● **Task directions**
Copy out the data below from the line containing "Where to Promote." to the line containing "How To Create", both lines included, with all images left out.

● **Data**
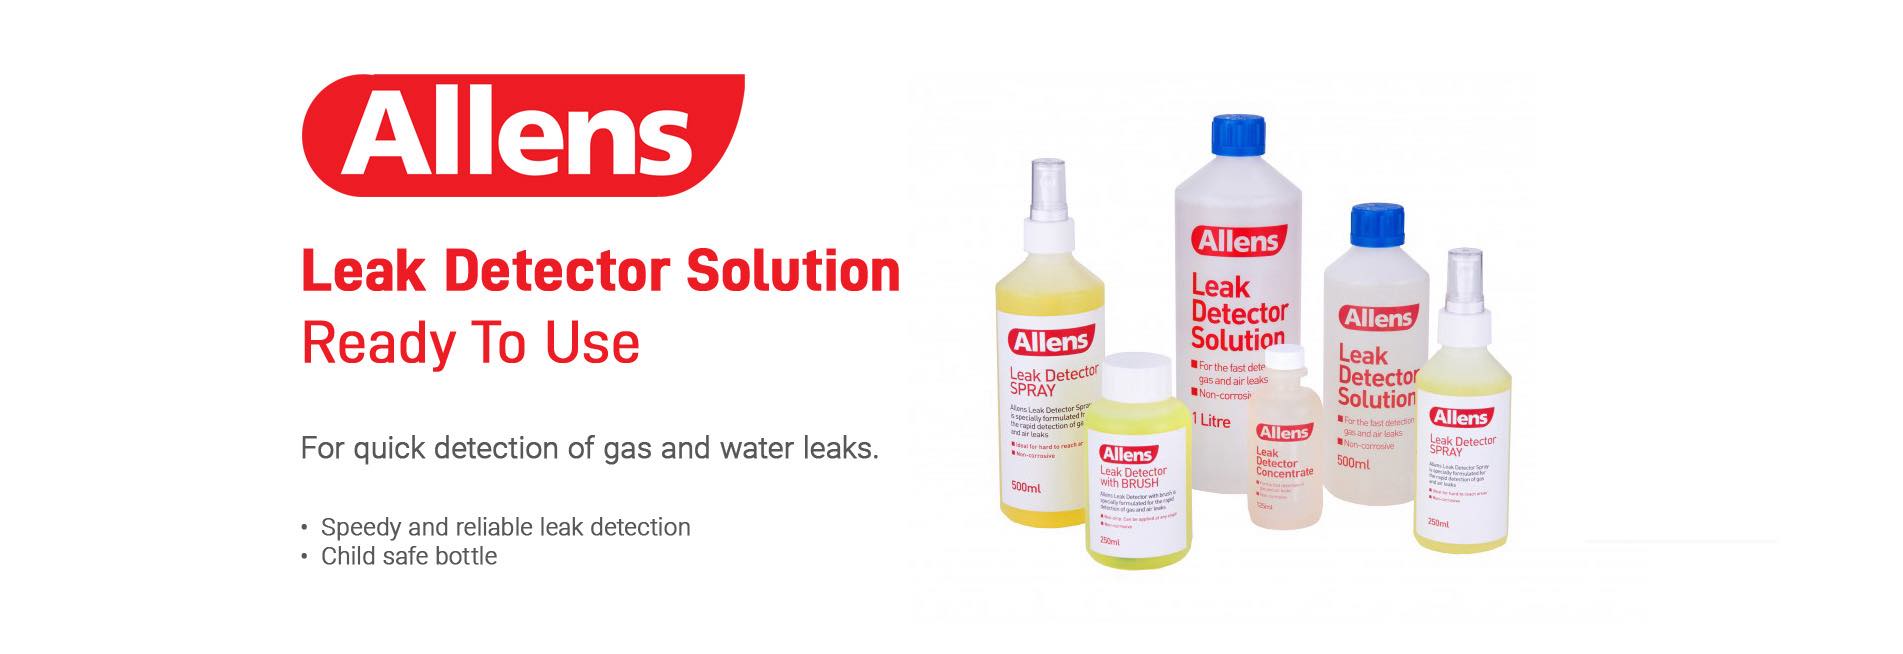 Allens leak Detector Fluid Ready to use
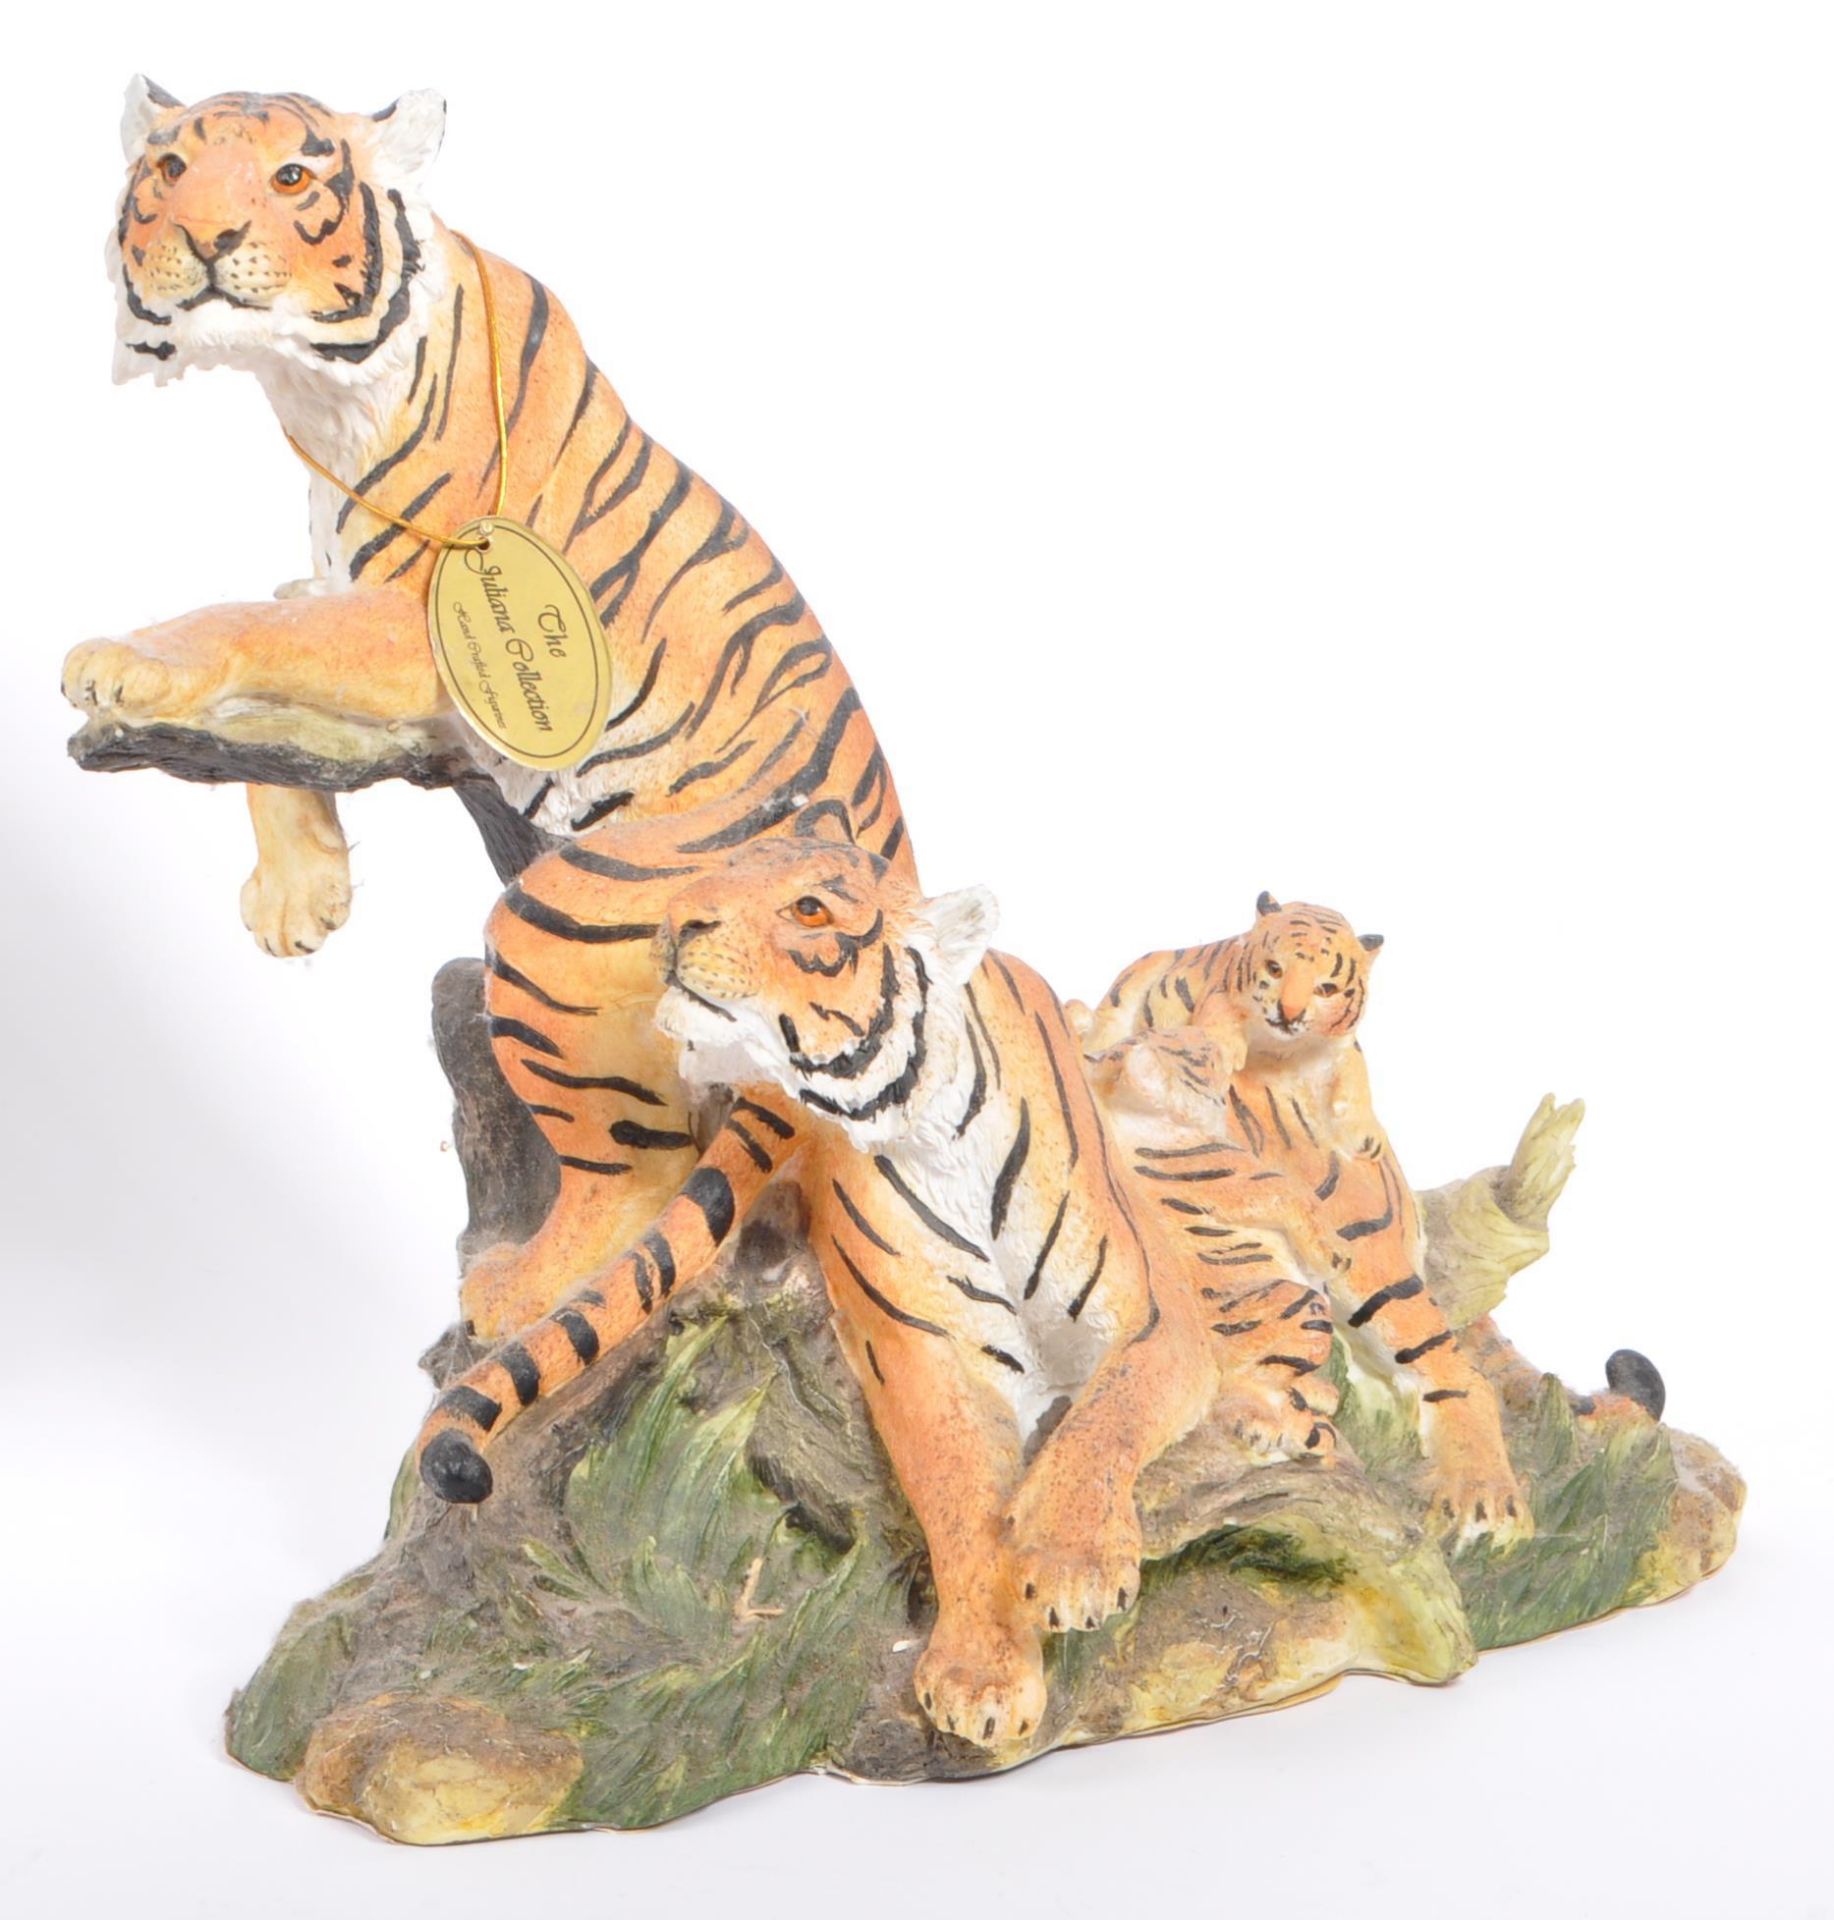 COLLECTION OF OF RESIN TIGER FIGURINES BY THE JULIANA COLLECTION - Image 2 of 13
...
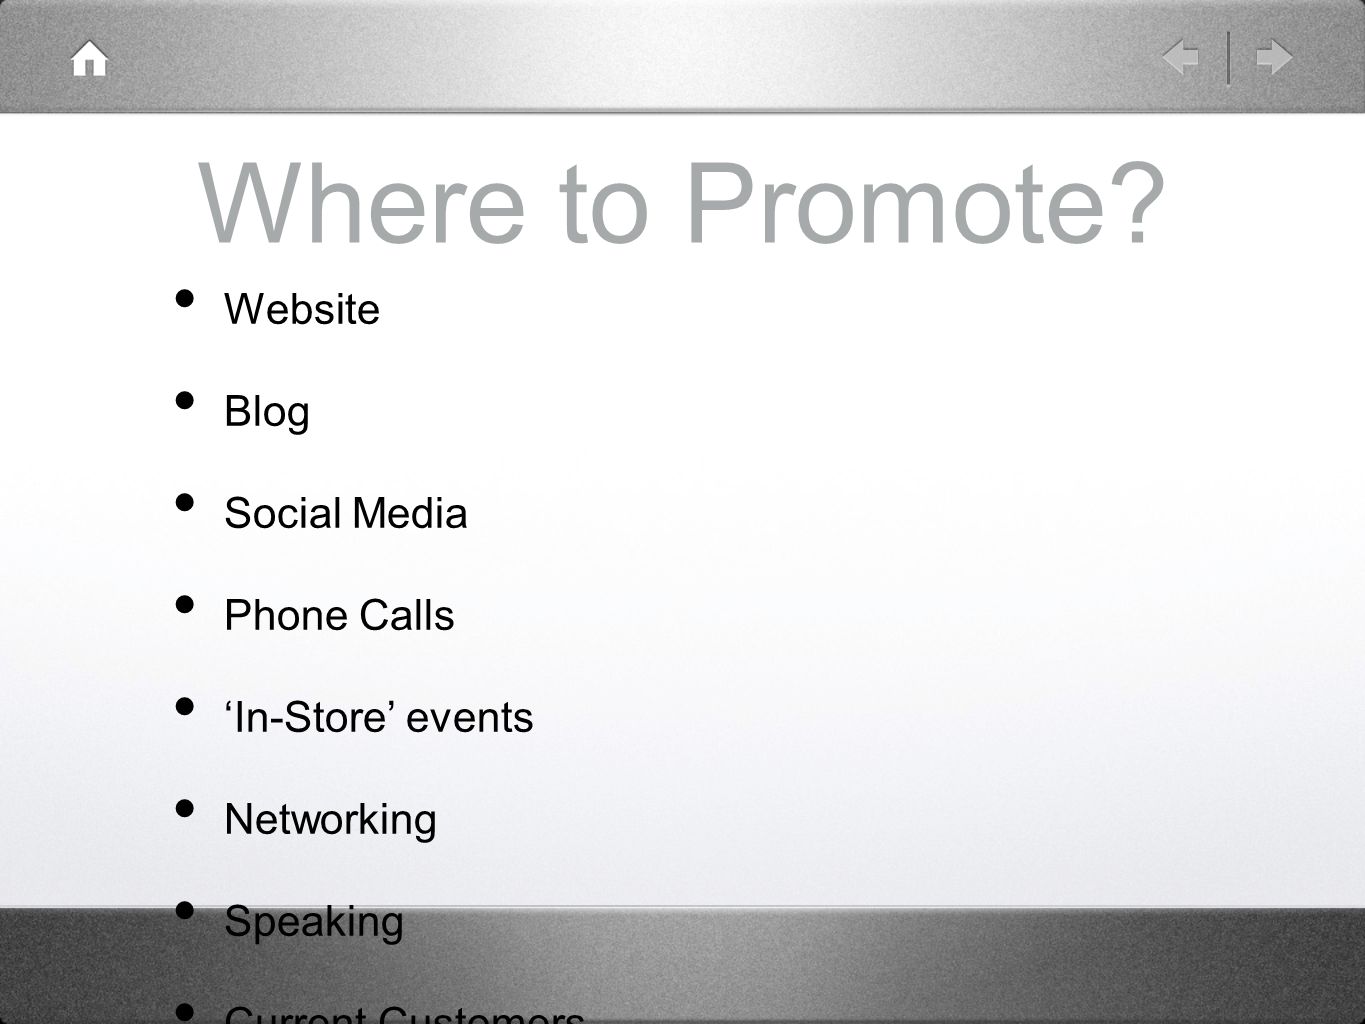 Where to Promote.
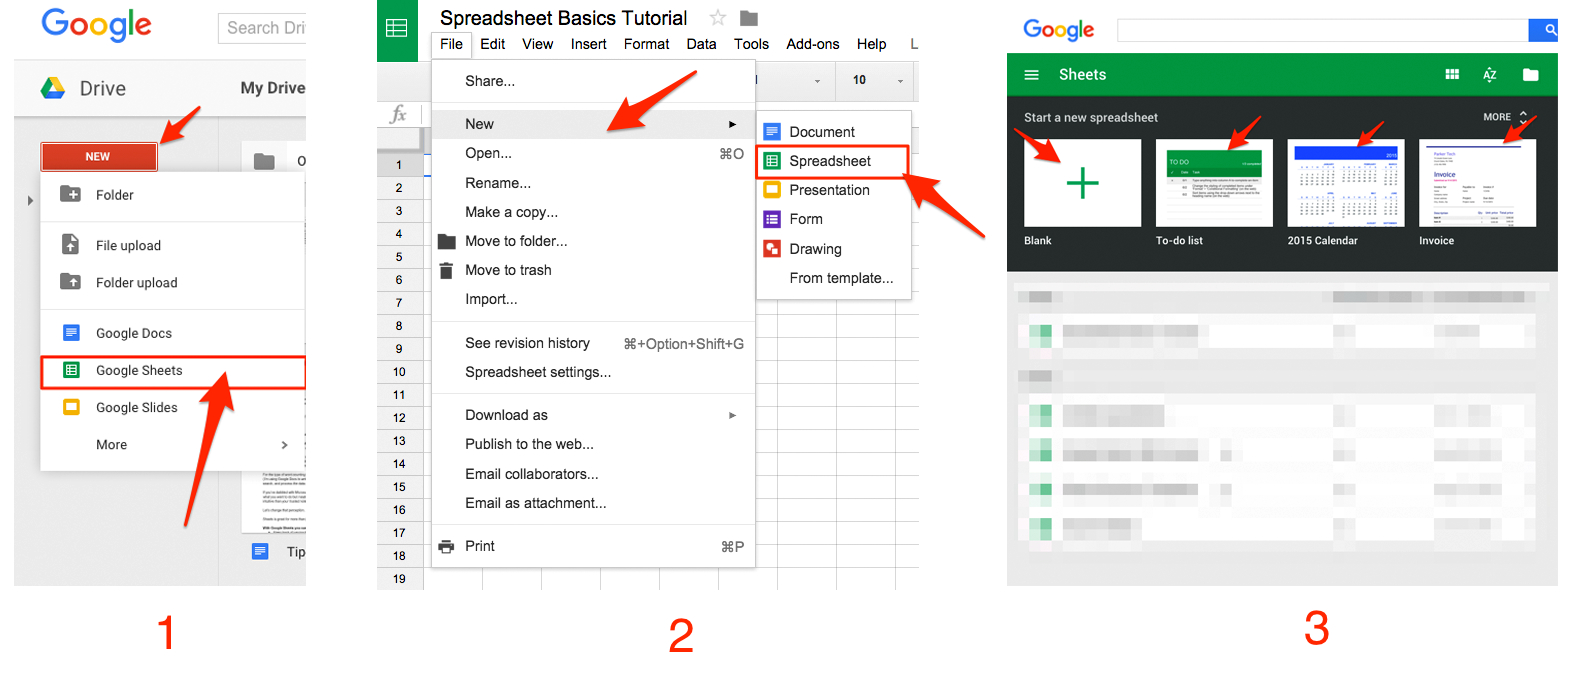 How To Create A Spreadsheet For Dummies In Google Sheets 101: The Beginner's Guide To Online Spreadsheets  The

● **Result of the exercise**
 Where to Promote.
 How To Create A Spreadsheet For Dummies In Google Sheets 101: The Beginner's Guide To Online Spreadsheets  The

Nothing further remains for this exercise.